Quindi meno tecnicismi burocratici e più sostanza politica, nei confronti degli Stati membri. Se c’è un Paese il cui progetto di bilancio rischia di non rispettare i vincoli del Patto di stabilità, come Francia, Belgio e Italia, piuttosto che “applicare le regole, sanzionare e punire come sarebbe più semplice”, è preferibile “accordarsi su un calendario preciso di riforme economiche da implementare”. Come il capo dell’esecutivo comunitario dice di aver fatto con François Hollande, presidente della Repubblica francese, e il premier italiano Matteo Renzi. “Ho scelto di far parlare i premier e di ascoltarli”, ribadisce Juncker, nell’attesa, e speranza di Bruxelles, che attuino le riforme strutturali. “Hanno perfino scritto che il mio incontro con Renzi, a margine del vertice G20 di Brisbane, era andato male”, ha affermato il lussemburghese ai giornalisti, mentre “è stato proprio l’opposto: è andato benissimo”.
Disponibilità dunque a dialogare con i governi nazionali, mantenendo un approccio più attendista: “Devi capire che cosa sta succedendo anche nella politica interna di ciascuno stato membro”, ha spiegato Juncker. Ciò, tuttavia, non significa concedere una maggiore flessibilità, oltre a quella già consentita ai Paesi membri. “Se qualcuno continua a chiedere di cambiare le regole, è fuori dalla realtà” ha affermato lapidario il capo della Commissione, aggiungendo che “per due volte negli ultimi mesi il Consiglio europeo ha detto chiaro che non si cambiano le regole della disciplina fiscale, non ci stiamo assolutamente allontanando dalla strada del risanamento dei conti pubblici”.
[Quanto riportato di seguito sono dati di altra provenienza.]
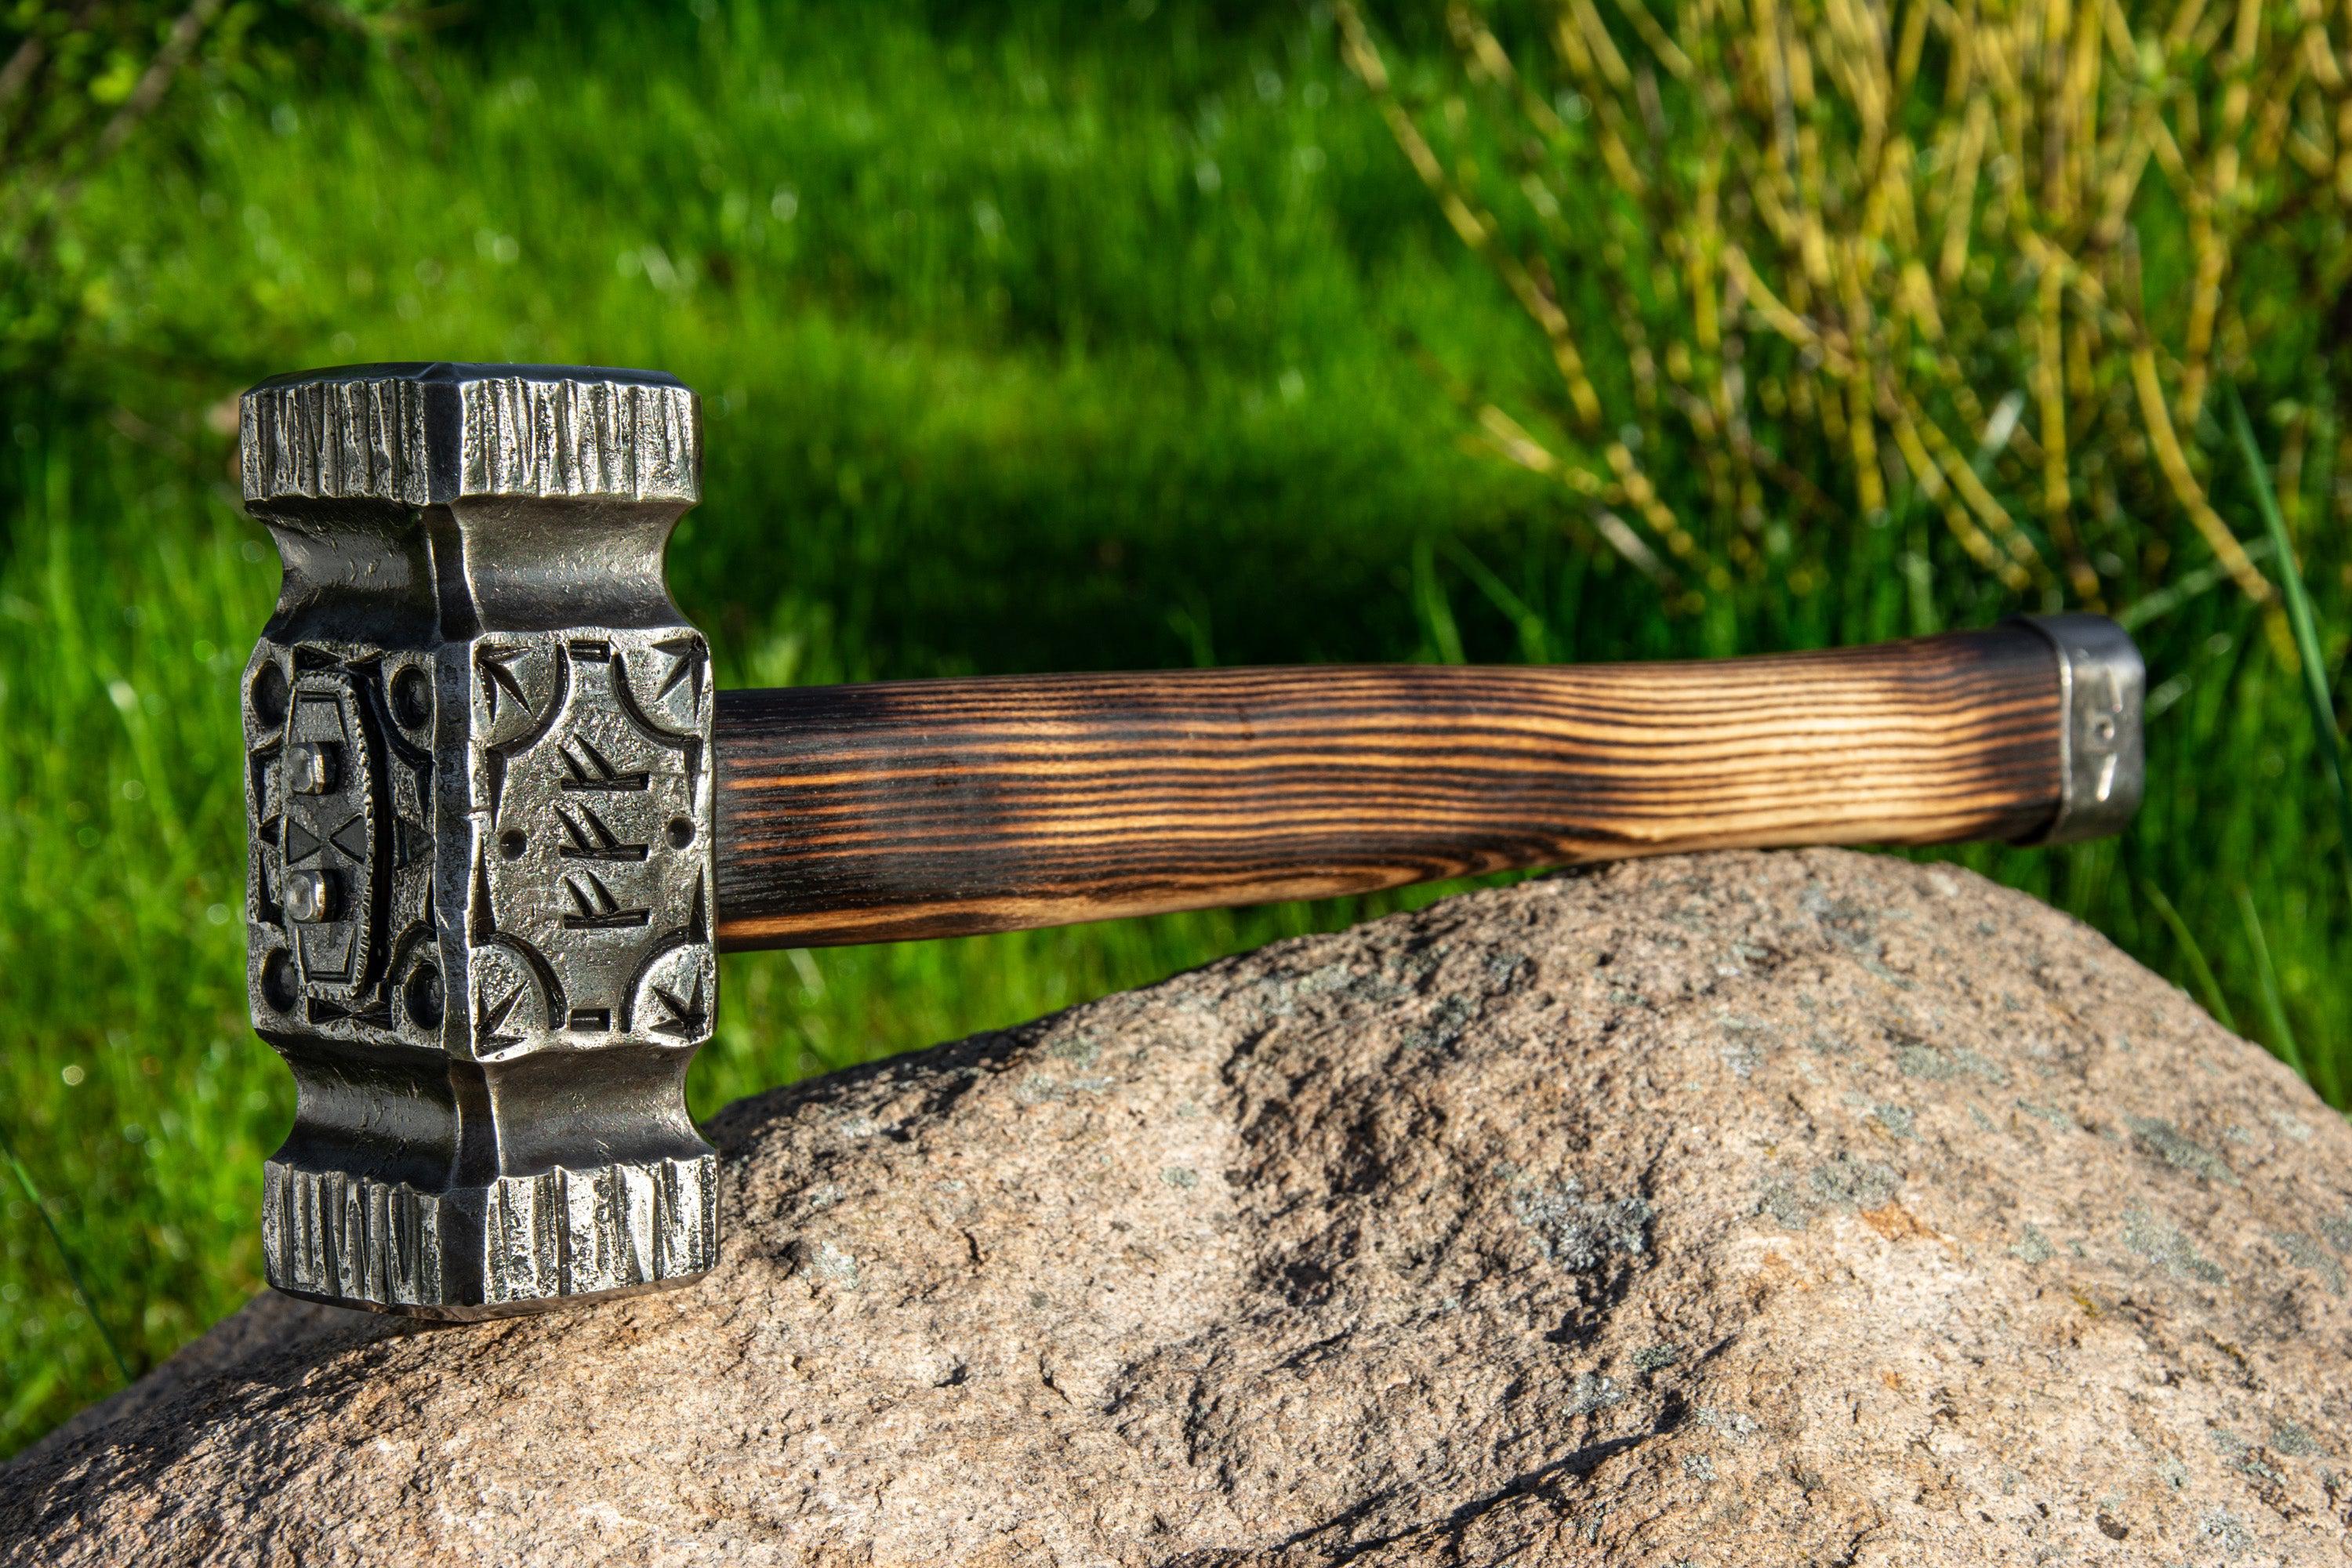 Hand-Forged Blacksmith Hammer "Zeus"

Nel corso dell’Intervista Juncker è tornato anche sull’altro tema scottante del momento, quello dei presunti regimi fiscali favorevoli alle multinazionali – e contro le norme comunitarie sulla competitività – in Lussemburgo quando era premier del Gran Ducato, rammaricandosi di non aver cambiato le regole per consentire al governo di controllare meglio i regimi di imposte per le multinazionali. “Avrei dovuto avere uno sguardo più attento sui tax rulings”, ha riconosciuto il leader della Commissione. Il suo intento, ha spiegato, era quello di “diversificare l’economia lussemburghese che si basava troppo su un’industria bancaria monolitica”, riuscendo ad attrarre nel Paese quelle che definisce “compagnie orientate al futuro come Amazon, Aol”. Ma le relative decisioni sulle tassazione dei loro profitti, ha concluso Juncker, “non furono prese dal mio governo”.